**ACTION ITEM**. Would you repeat the listing below verbatim and drop the images?

**GIVEN MATERIAL**.
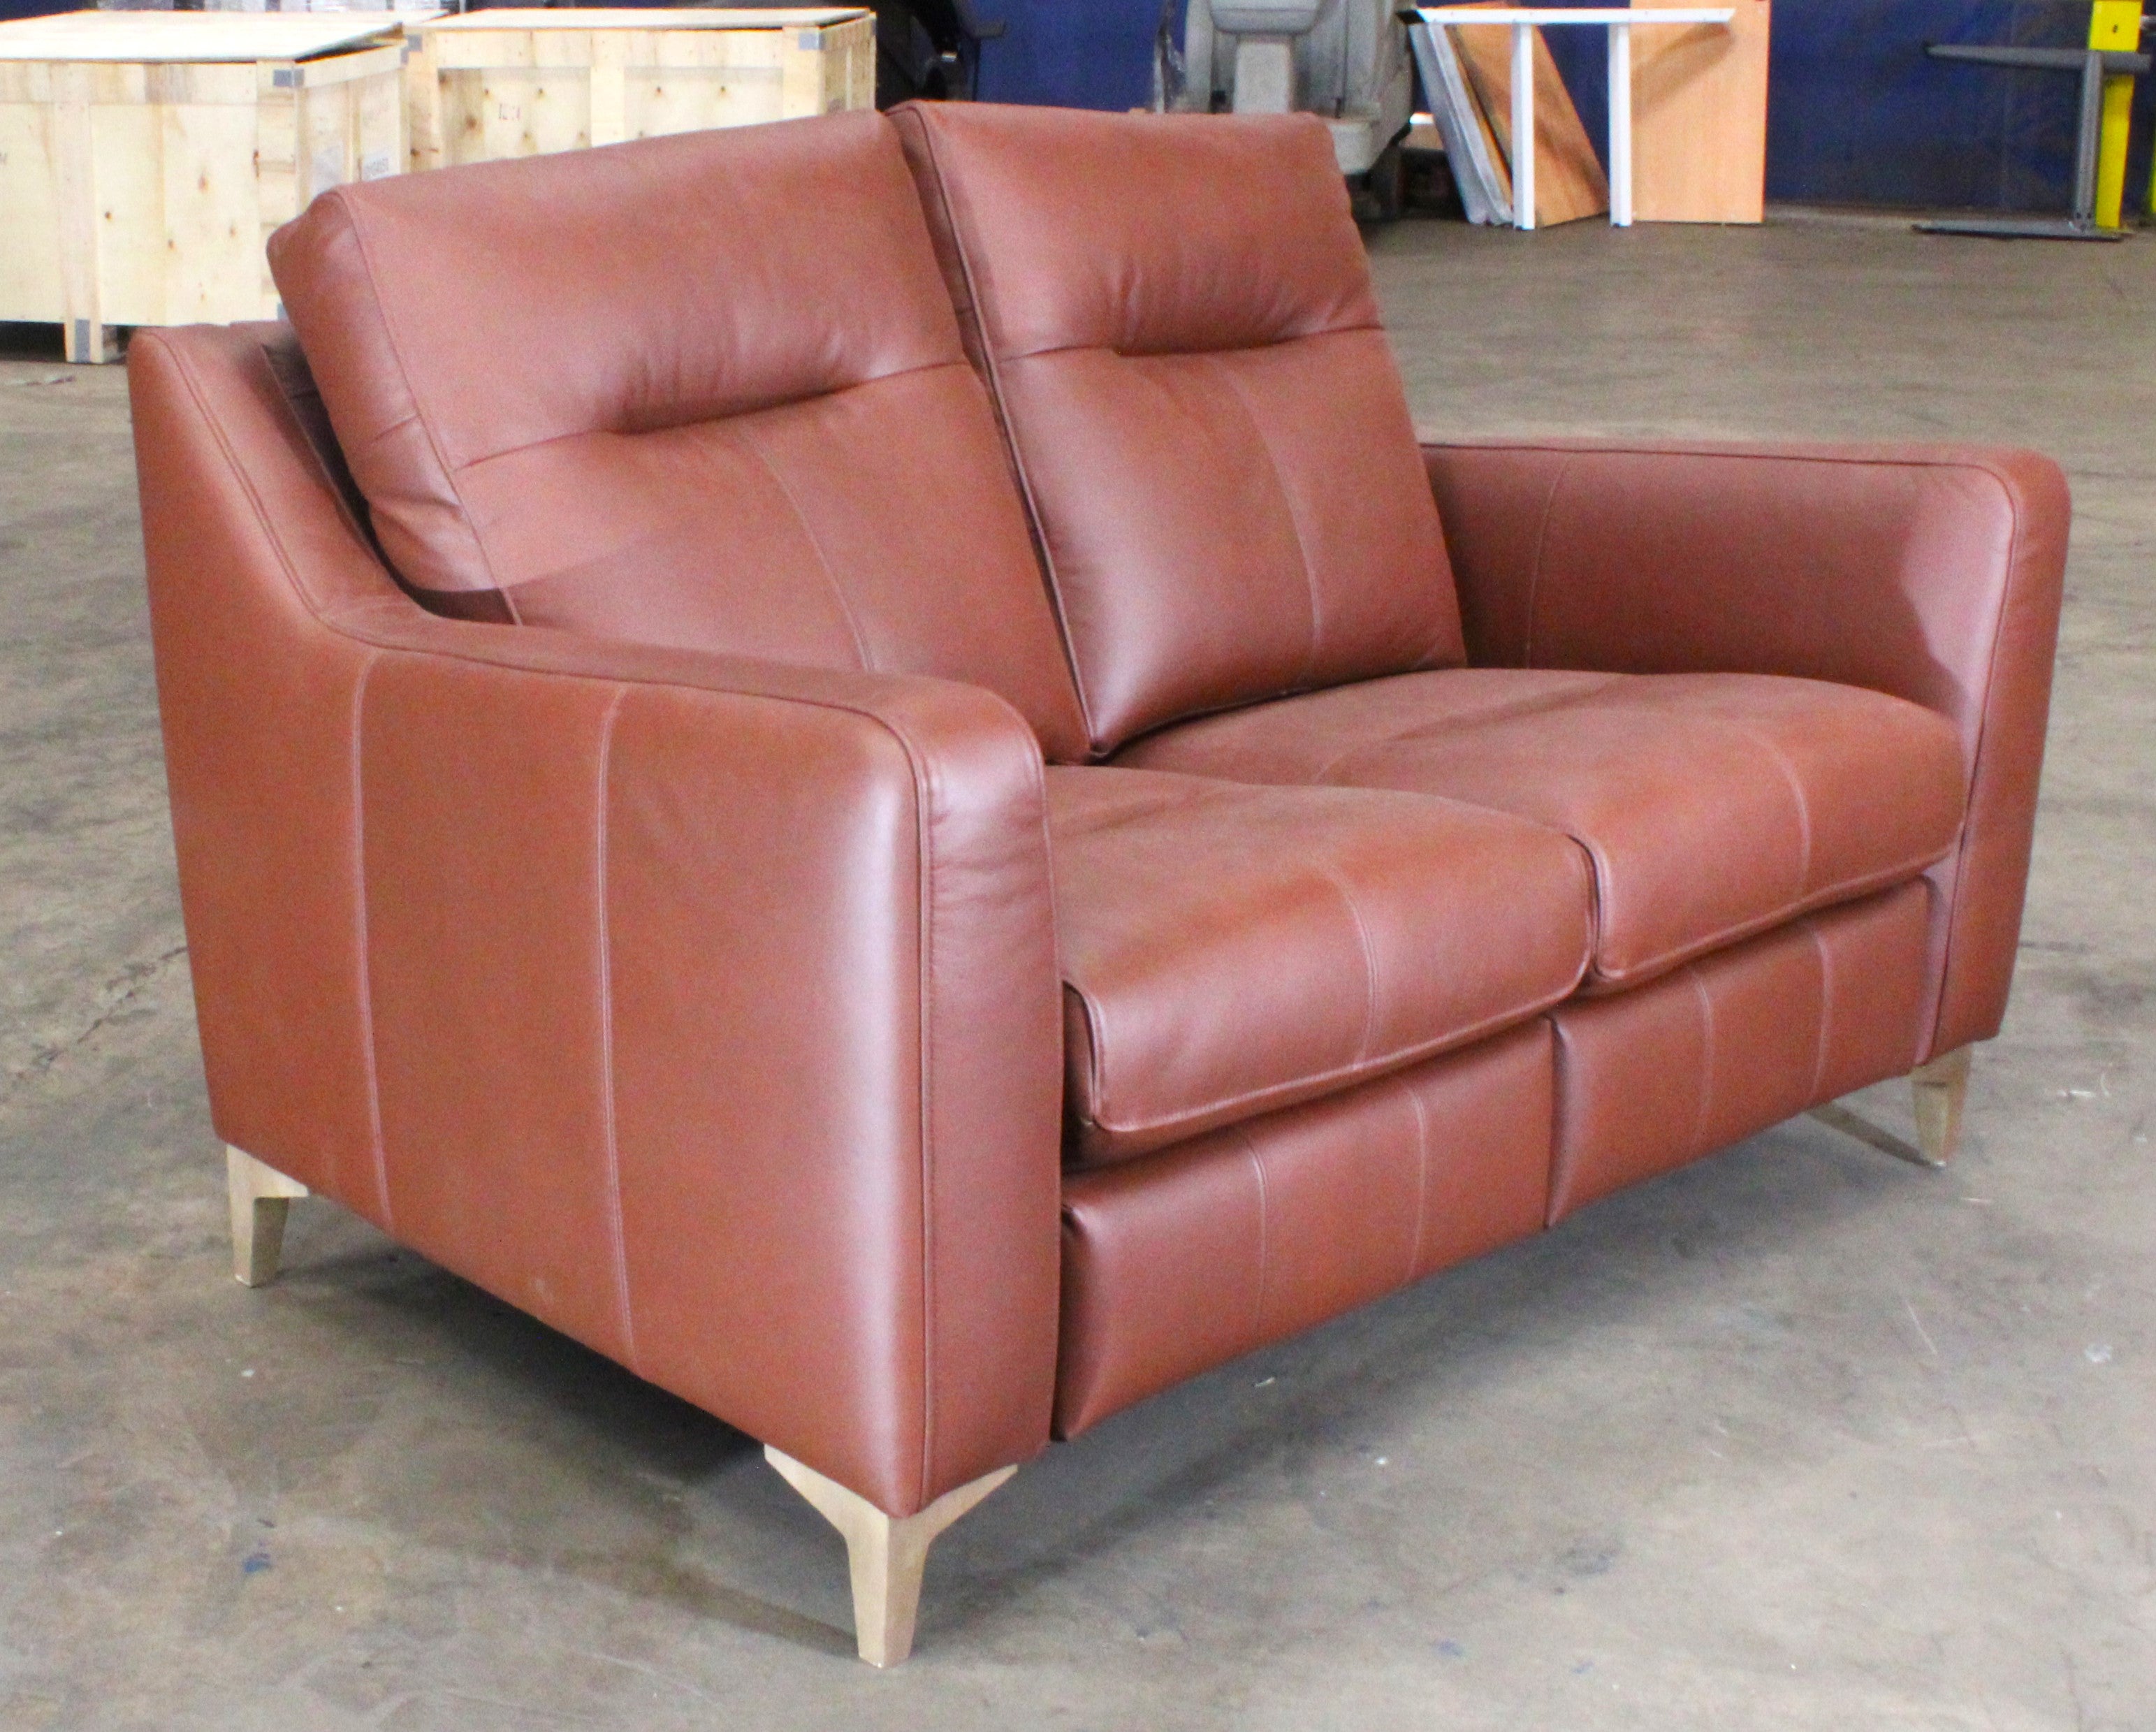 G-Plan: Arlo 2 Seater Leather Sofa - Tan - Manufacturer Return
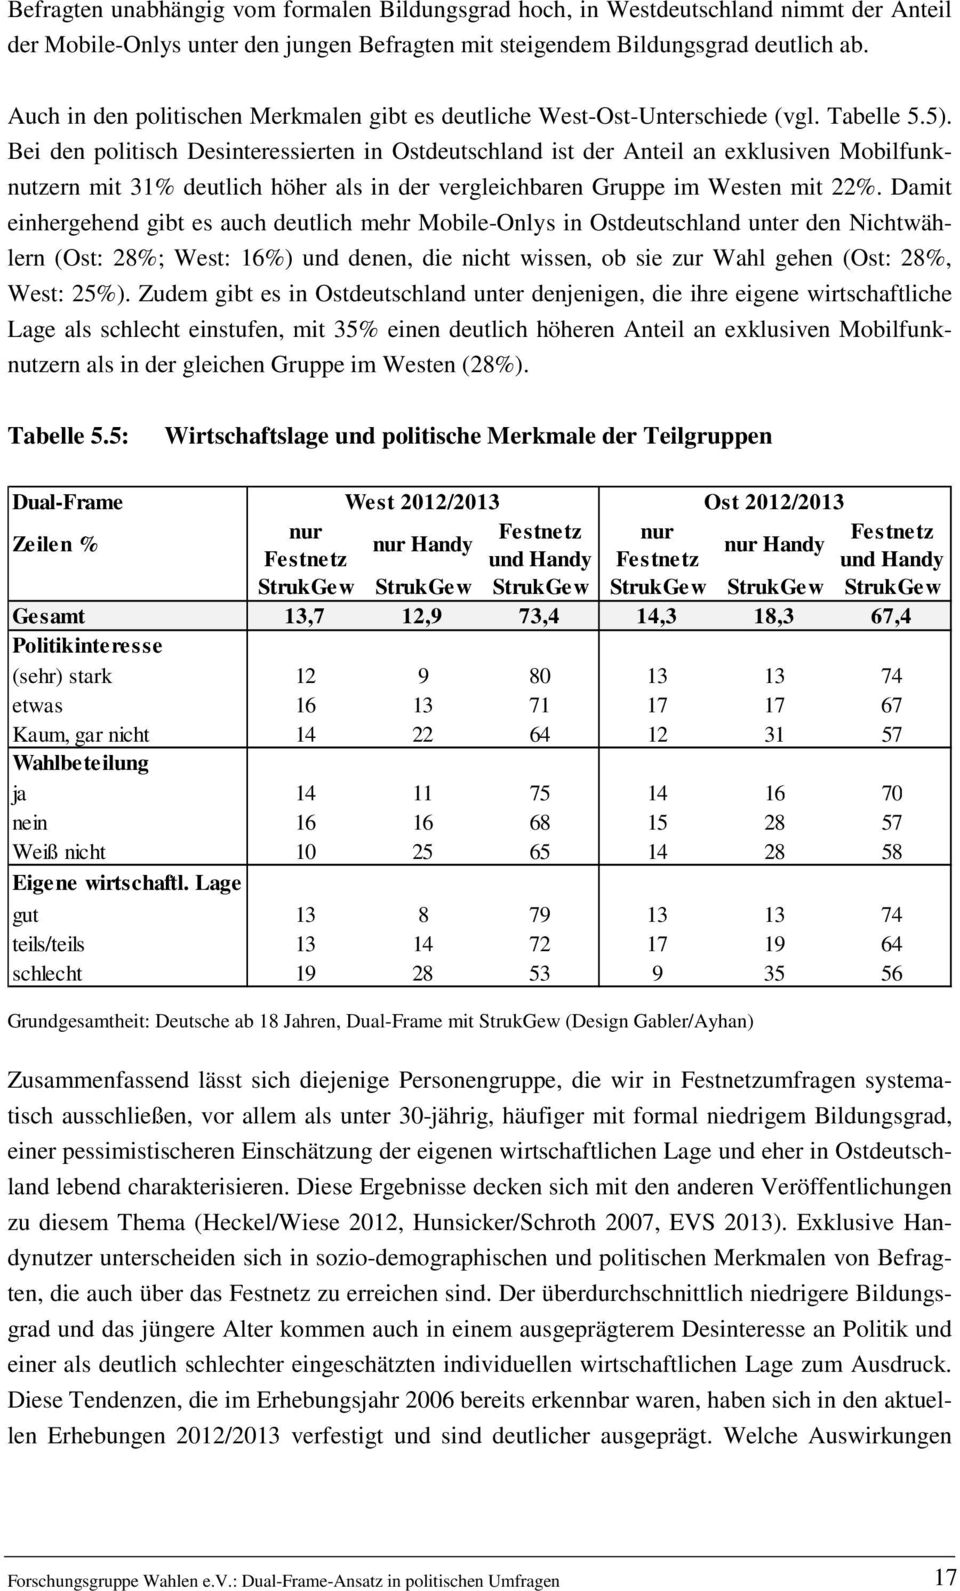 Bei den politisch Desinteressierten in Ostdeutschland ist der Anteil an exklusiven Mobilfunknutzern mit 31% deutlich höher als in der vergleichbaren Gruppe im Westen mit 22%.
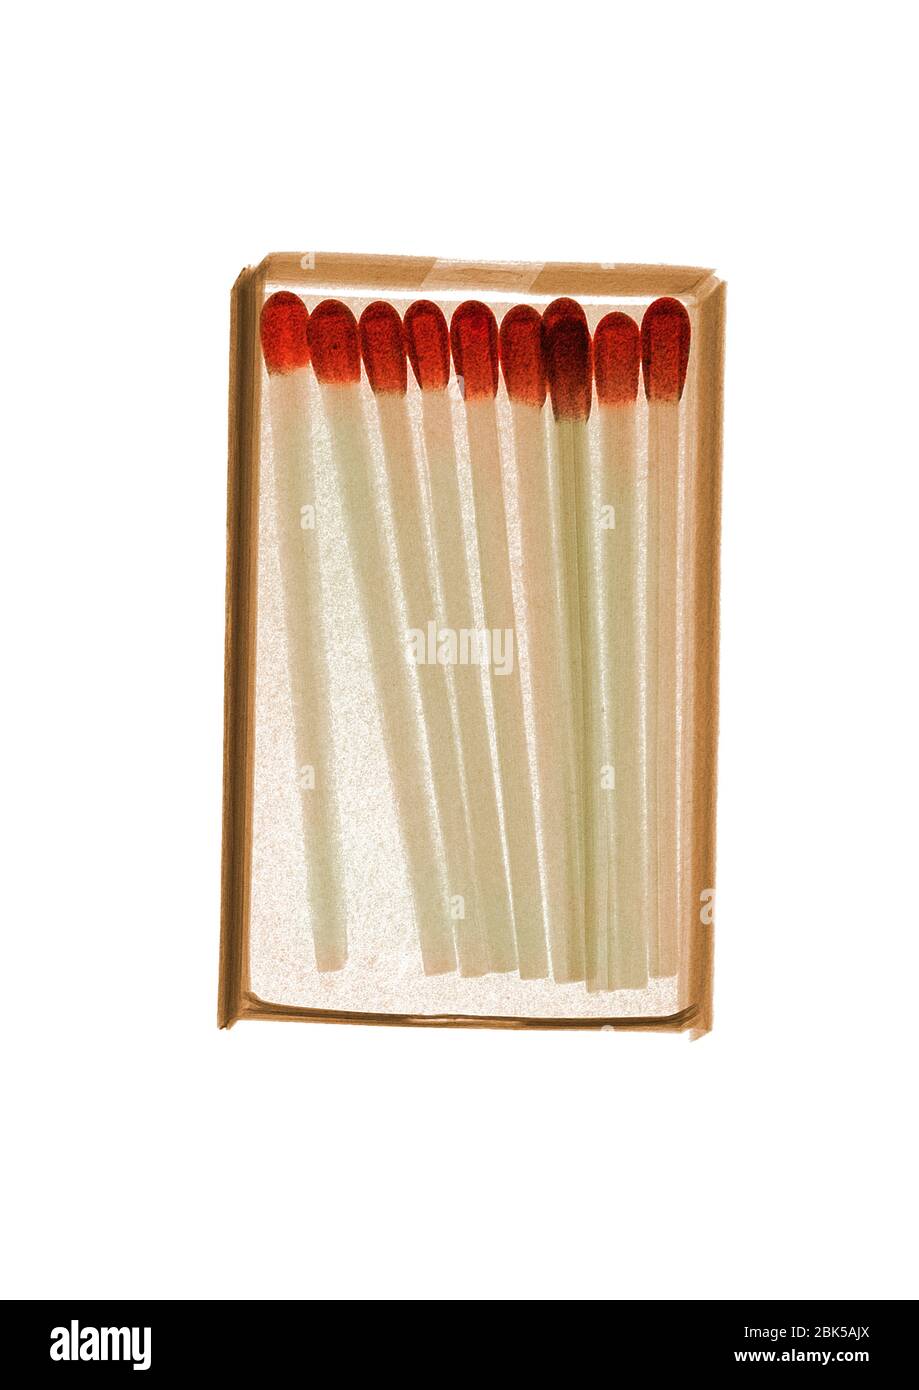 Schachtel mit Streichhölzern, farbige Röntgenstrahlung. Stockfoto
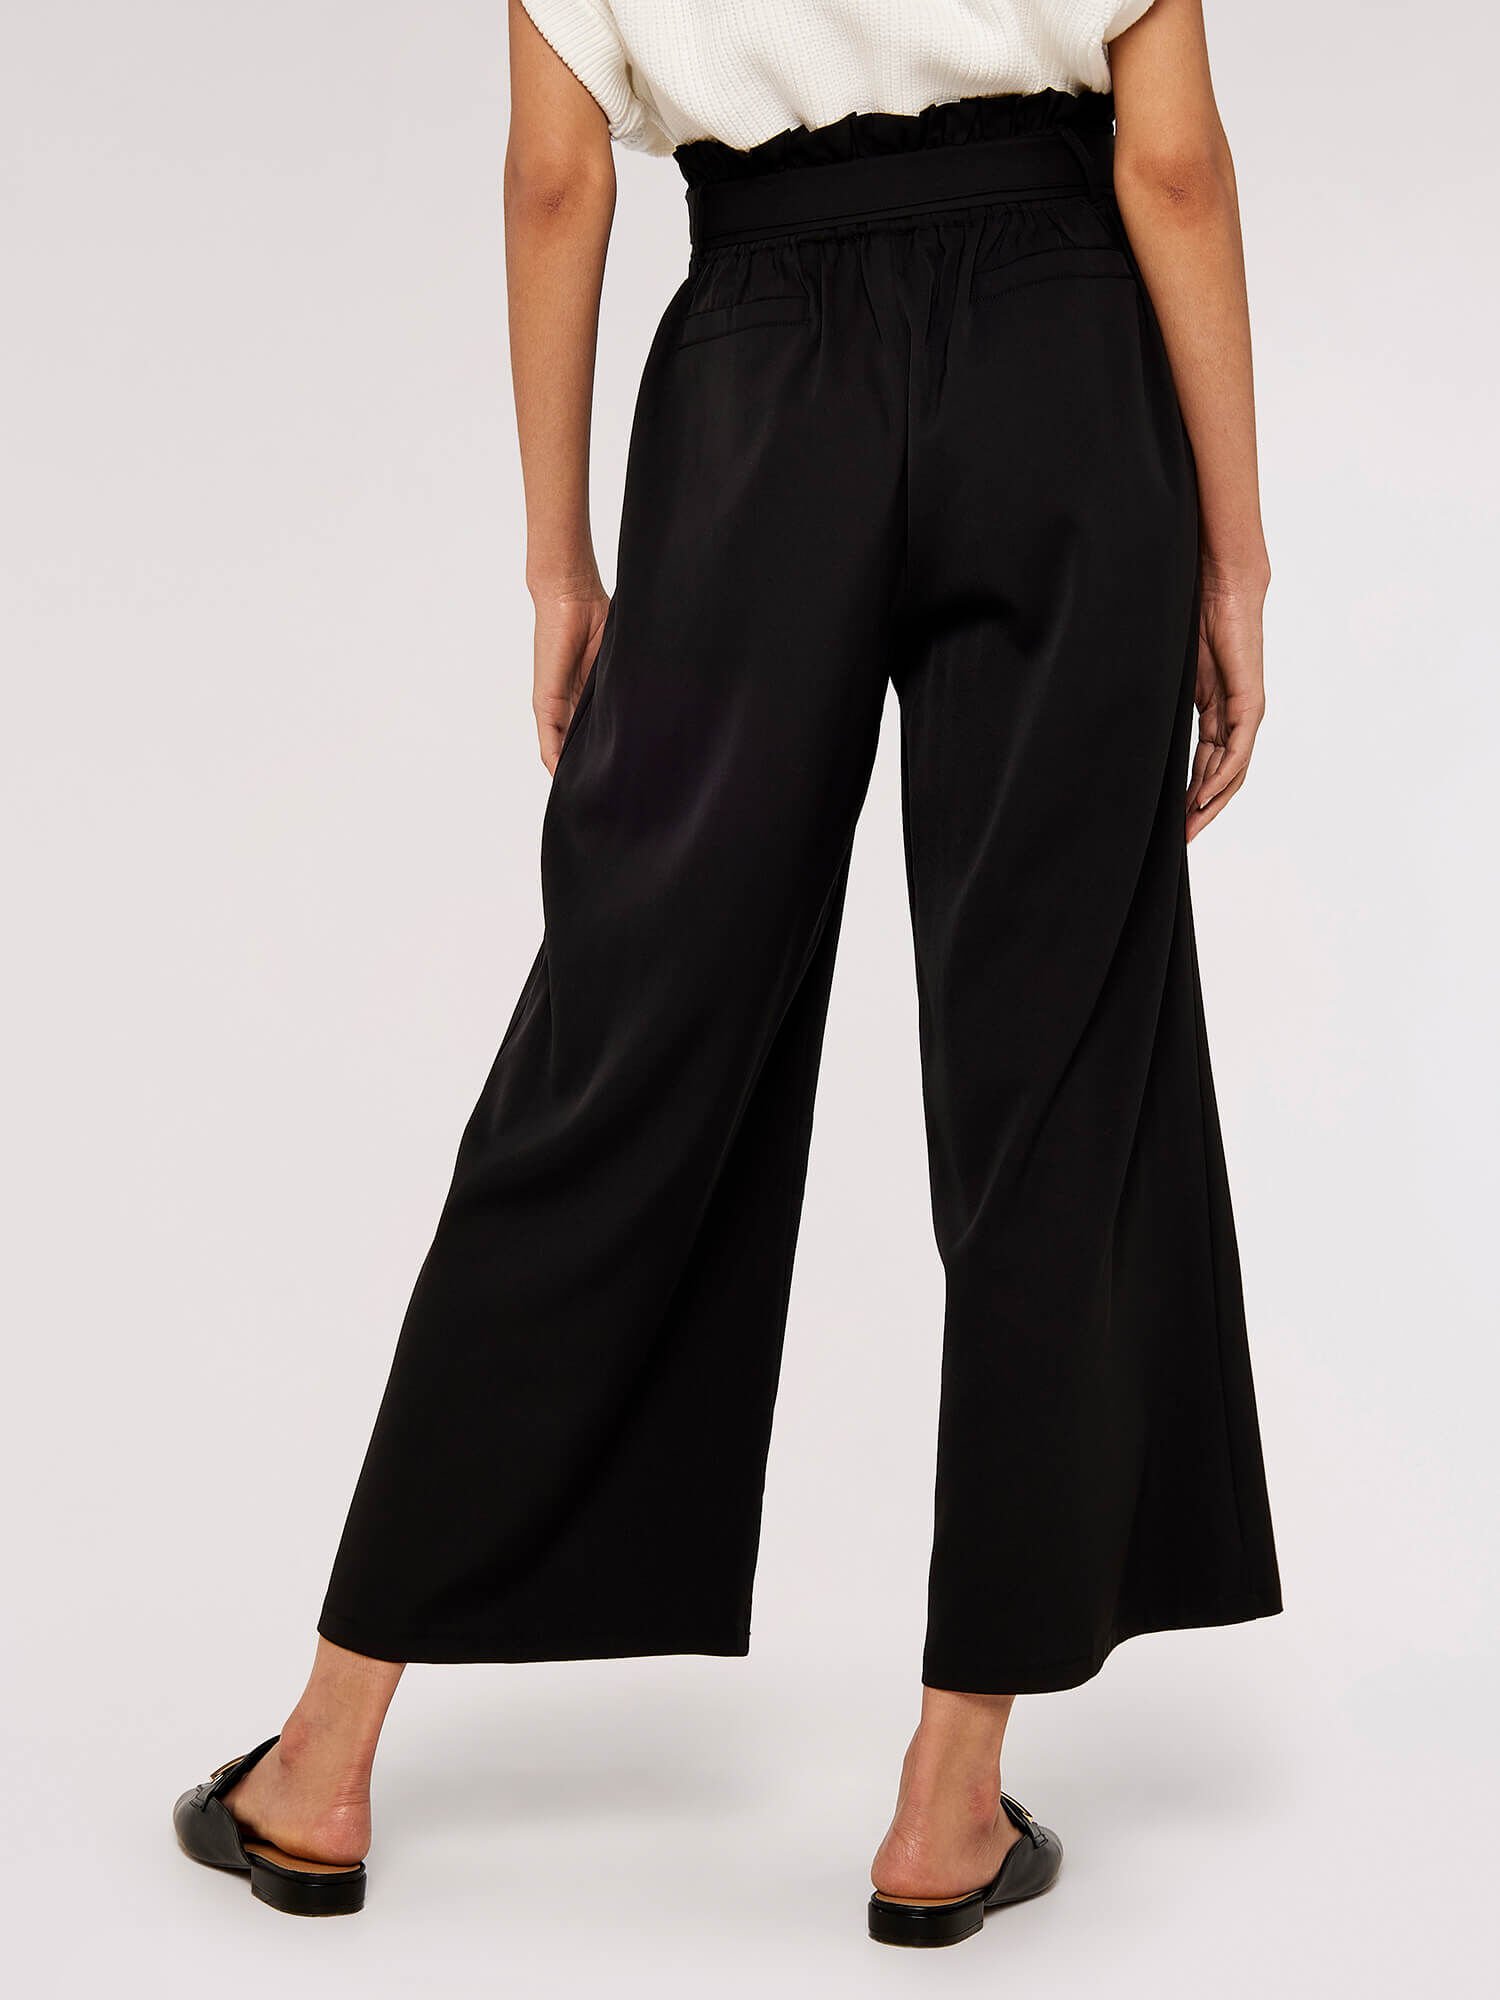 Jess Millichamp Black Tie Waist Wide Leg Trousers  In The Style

**YOUR SOLUTION**.
 G-Plan: Arlo 2 Seater Leather Sofa - Tan - Manufacturer Return
 Bei den politisch Desinteressierten in Ostdeutschland ist der Anteil an exklusiven Mobilfunknutzern mit 31% deutlich höher als in der vergleichbaren Gruppe im Westen mit 22%.
 Schachtel mit Streichhölzern, farbige Röntgenstrahlung. Stockfoto
 Jess Millichamp Black Tie Waist Wide Leg Trousers  In The Style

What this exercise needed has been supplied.